→ Requirement
From the records below, print only the part that opens with the line containing "2024年4月14日からは、" and closes with the line containing "for クッキーモンスターズ 」が発売。クッキーモンスターの大ファンである平野さん念願の企画。"; omit the pictures.

→ Records to process
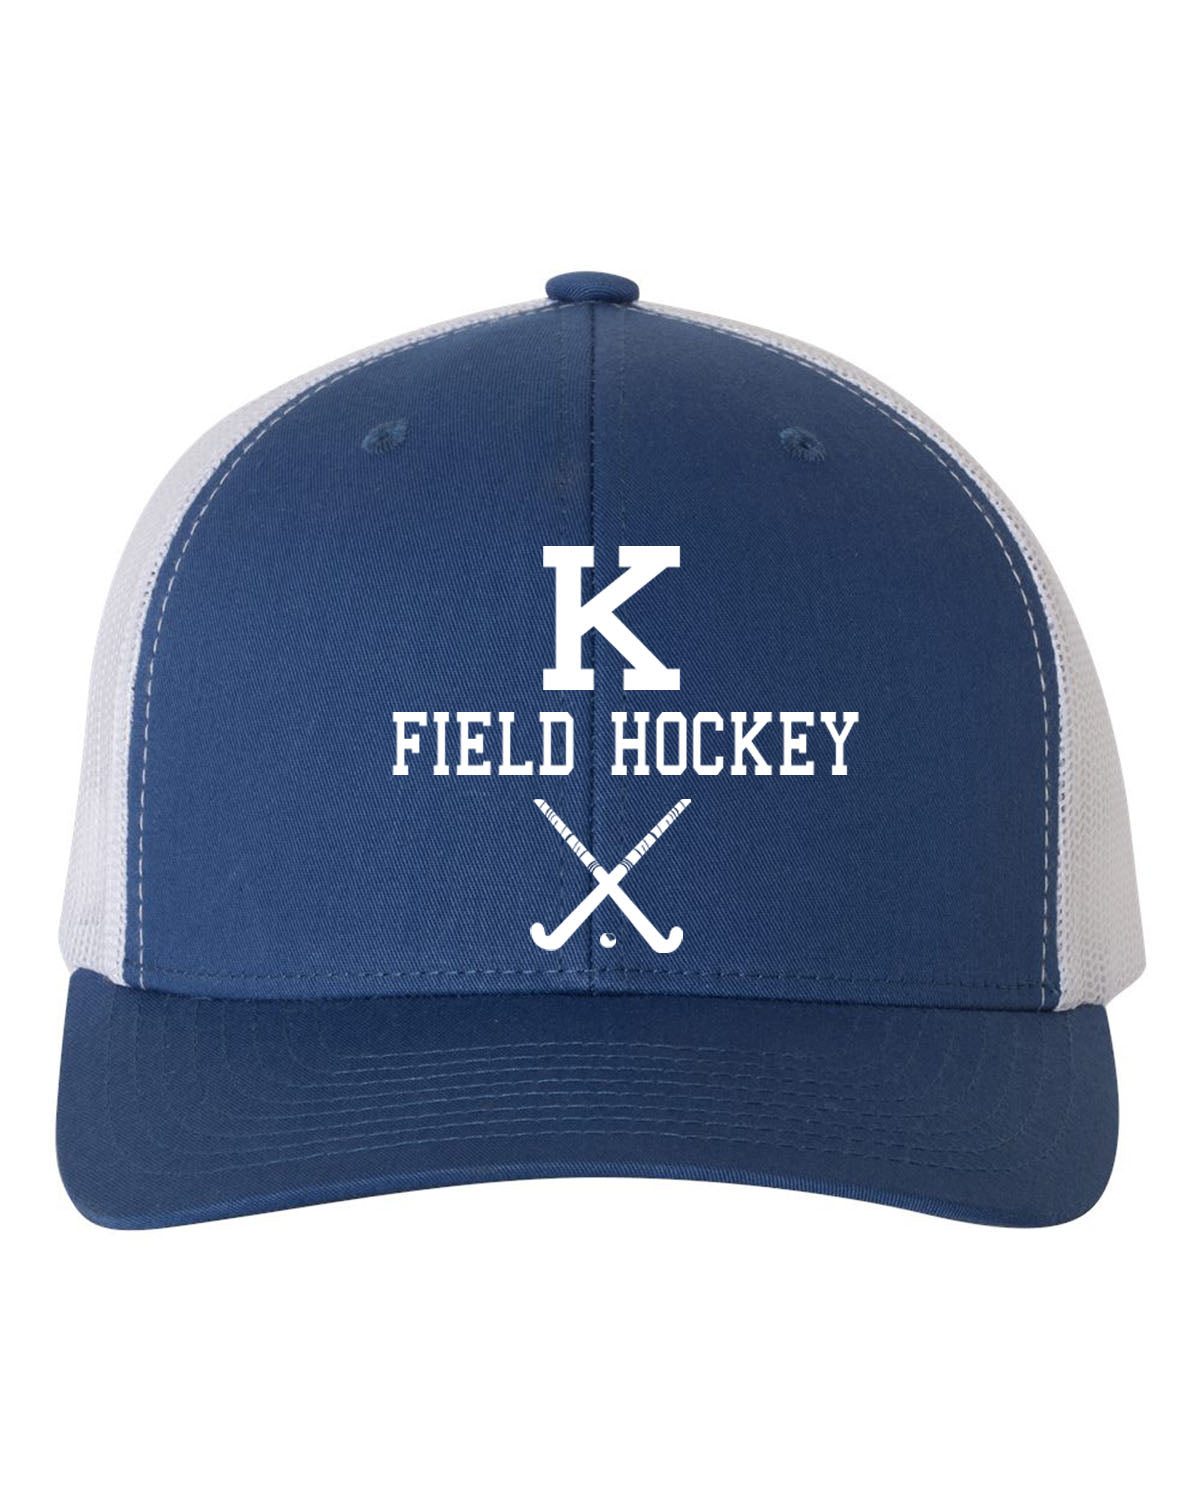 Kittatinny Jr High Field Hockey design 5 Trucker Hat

==

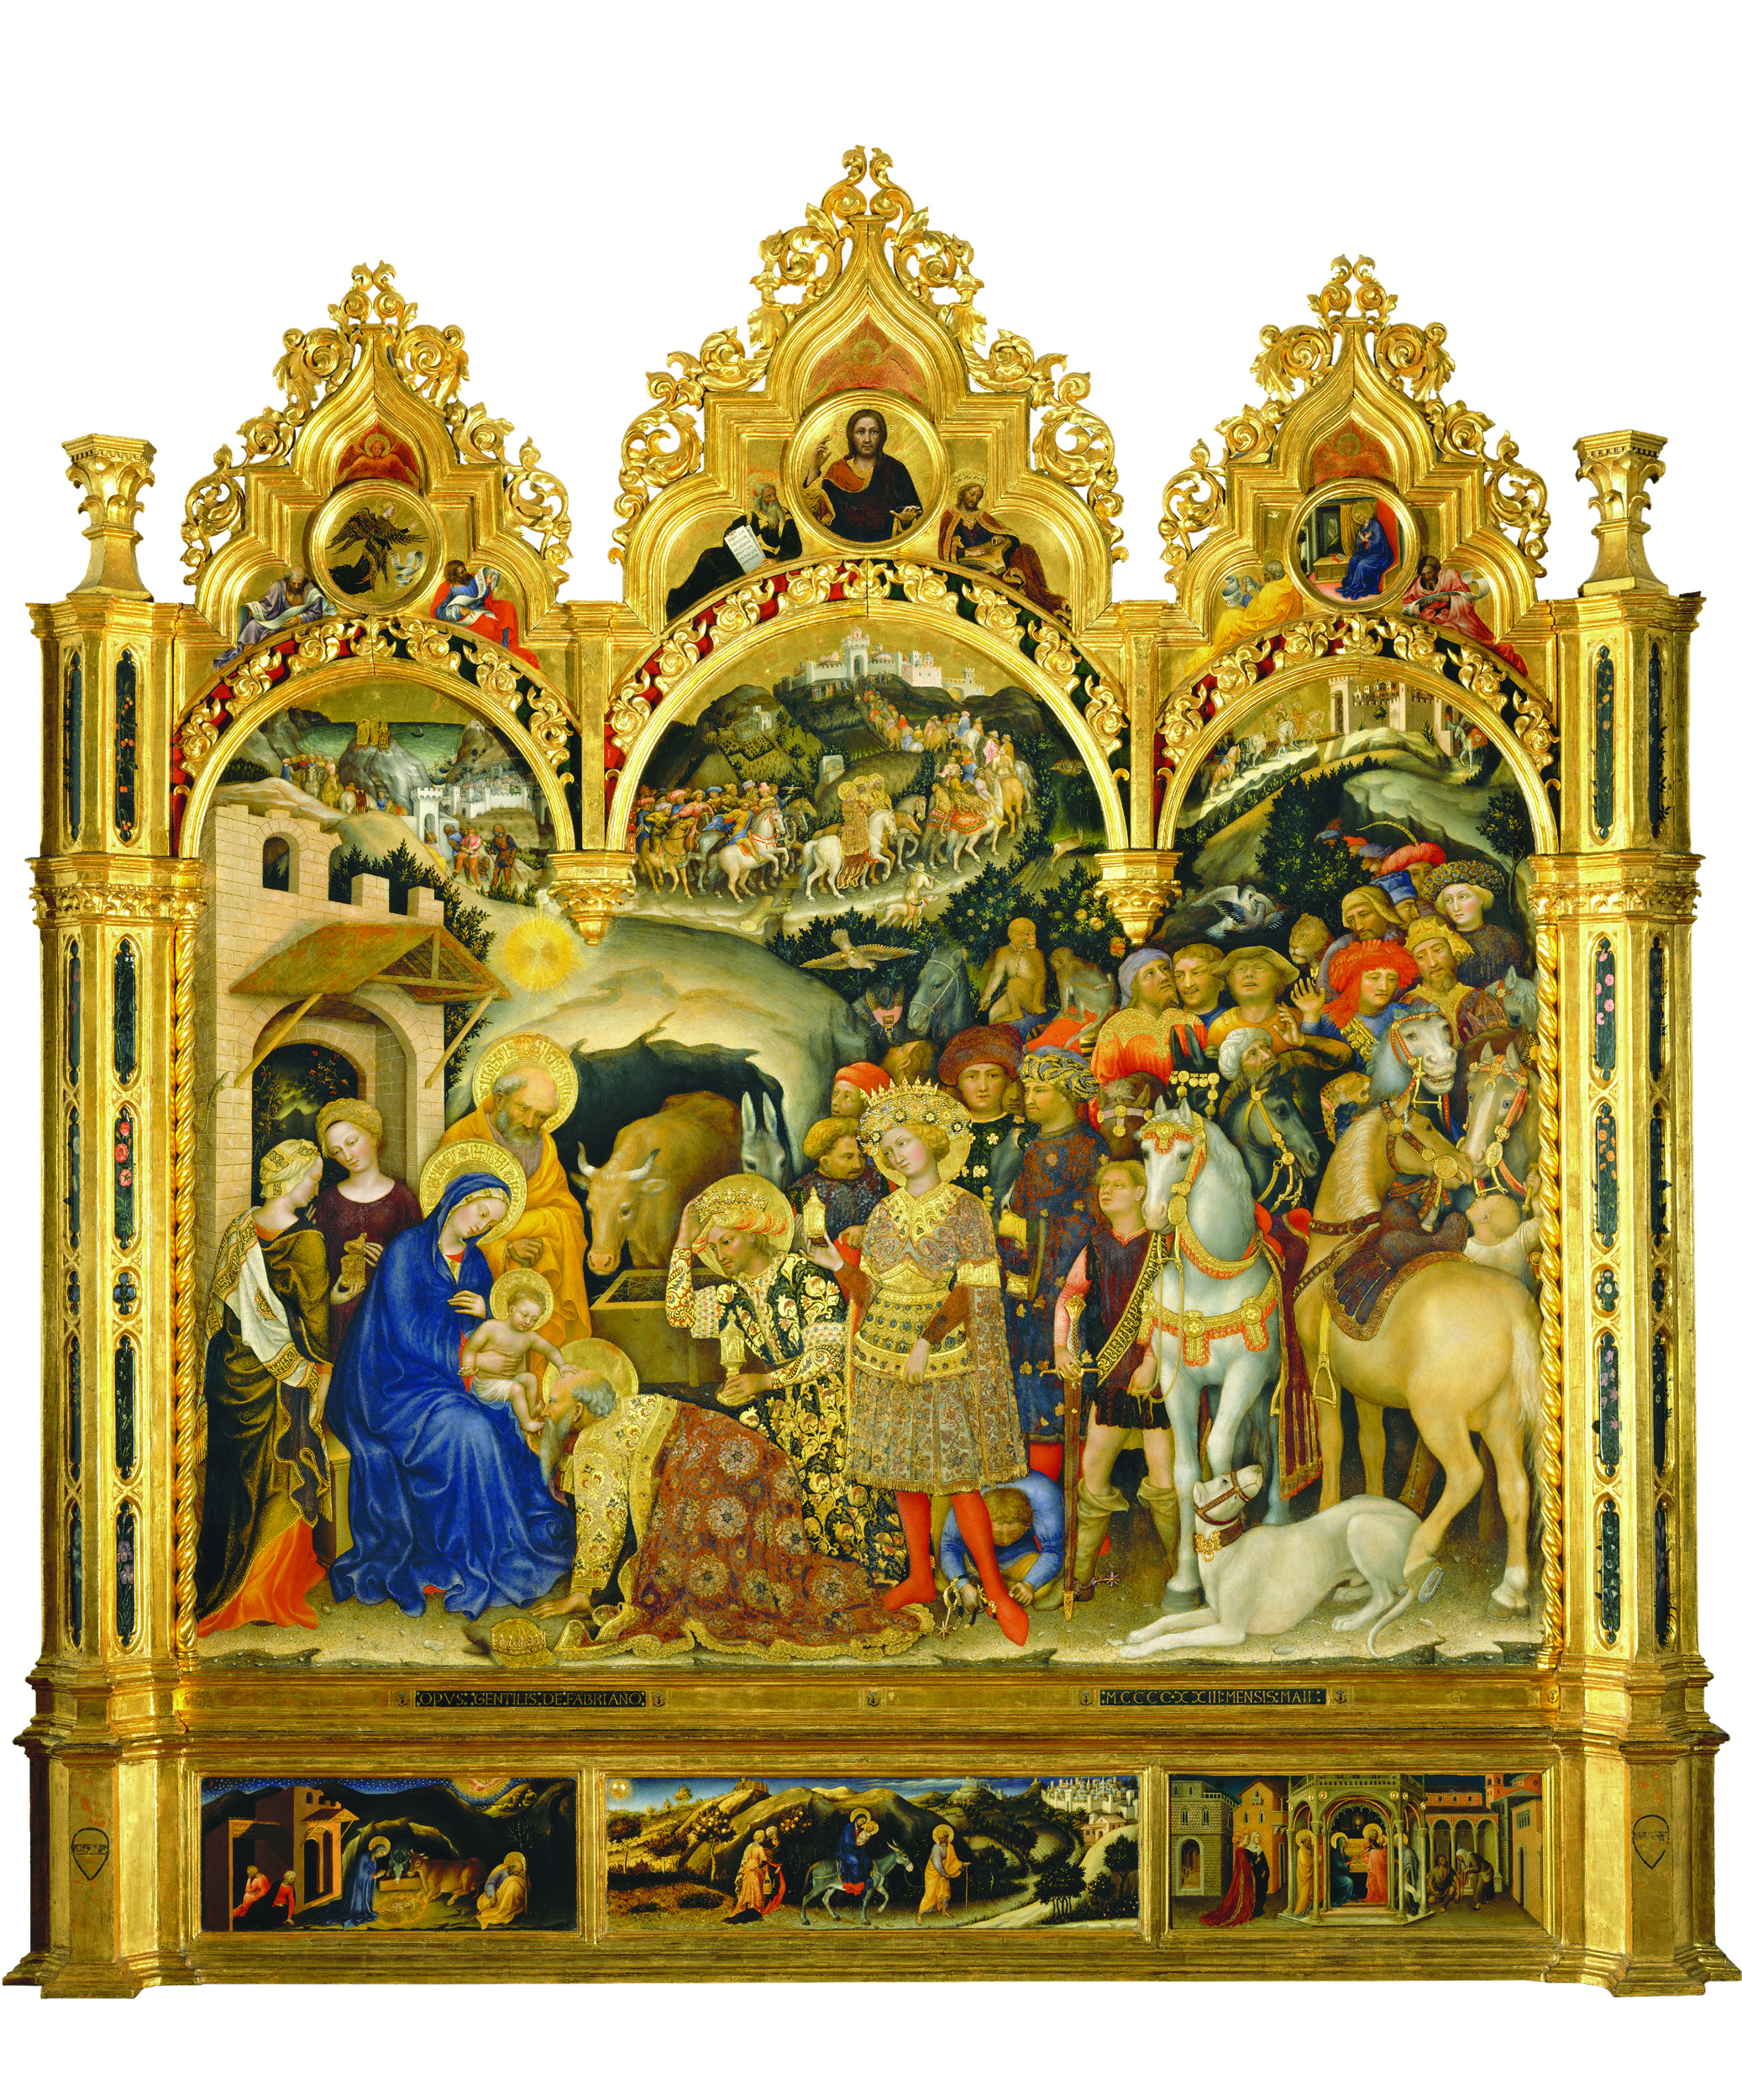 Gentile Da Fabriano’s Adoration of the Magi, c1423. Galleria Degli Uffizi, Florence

==

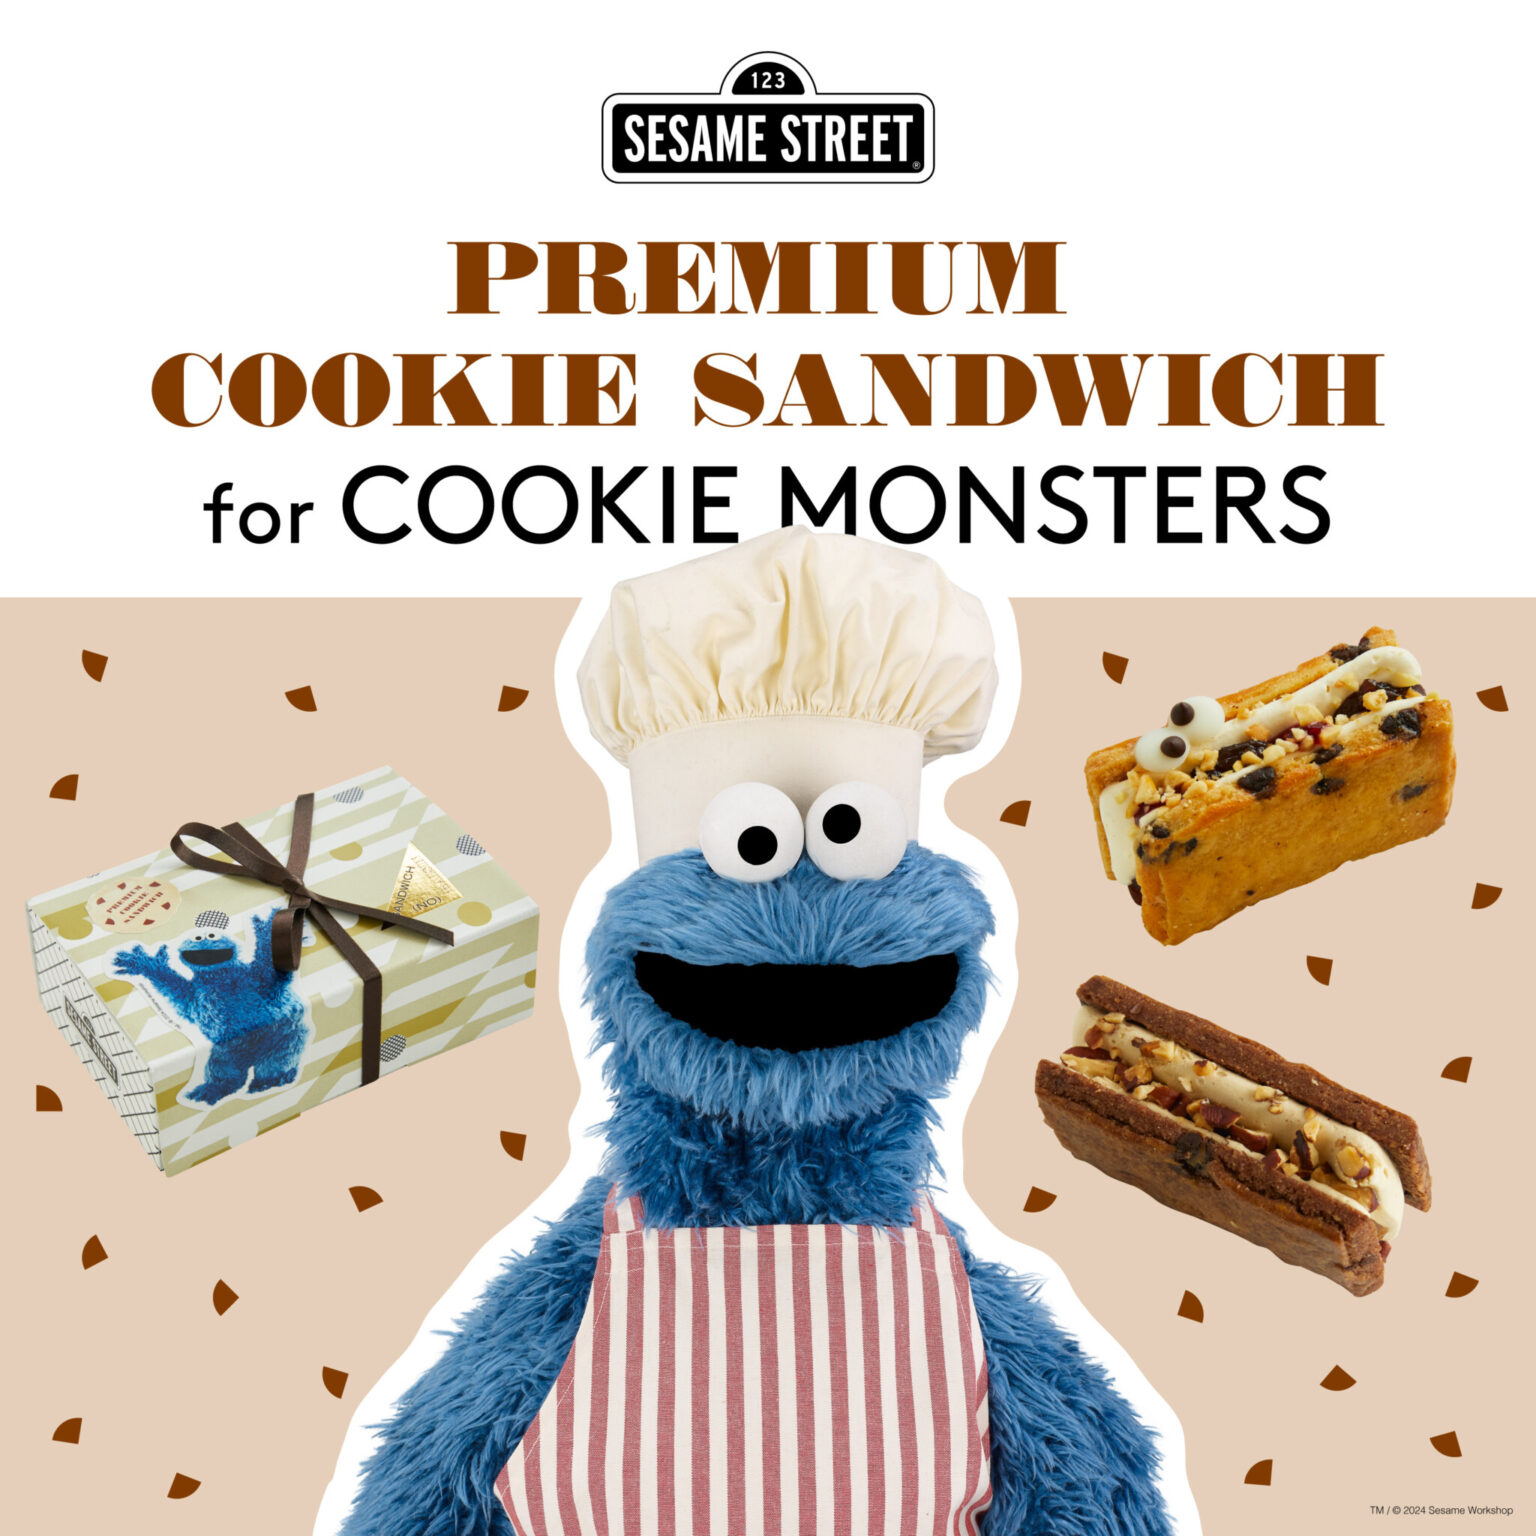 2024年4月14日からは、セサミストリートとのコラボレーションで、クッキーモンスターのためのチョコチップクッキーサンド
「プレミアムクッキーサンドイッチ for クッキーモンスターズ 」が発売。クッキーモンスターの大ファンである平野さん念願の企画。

→ Output
 2024年4月14日からは、セサミストリートとのコラボレーションで、クッキーモンスターのためのチョコチップクッキーサンド
「プレミアムクッキーサンドイッチ for クッキーモンスターズ 」が発売。クッキーモンスターの大ファンである平野さん念願の企画。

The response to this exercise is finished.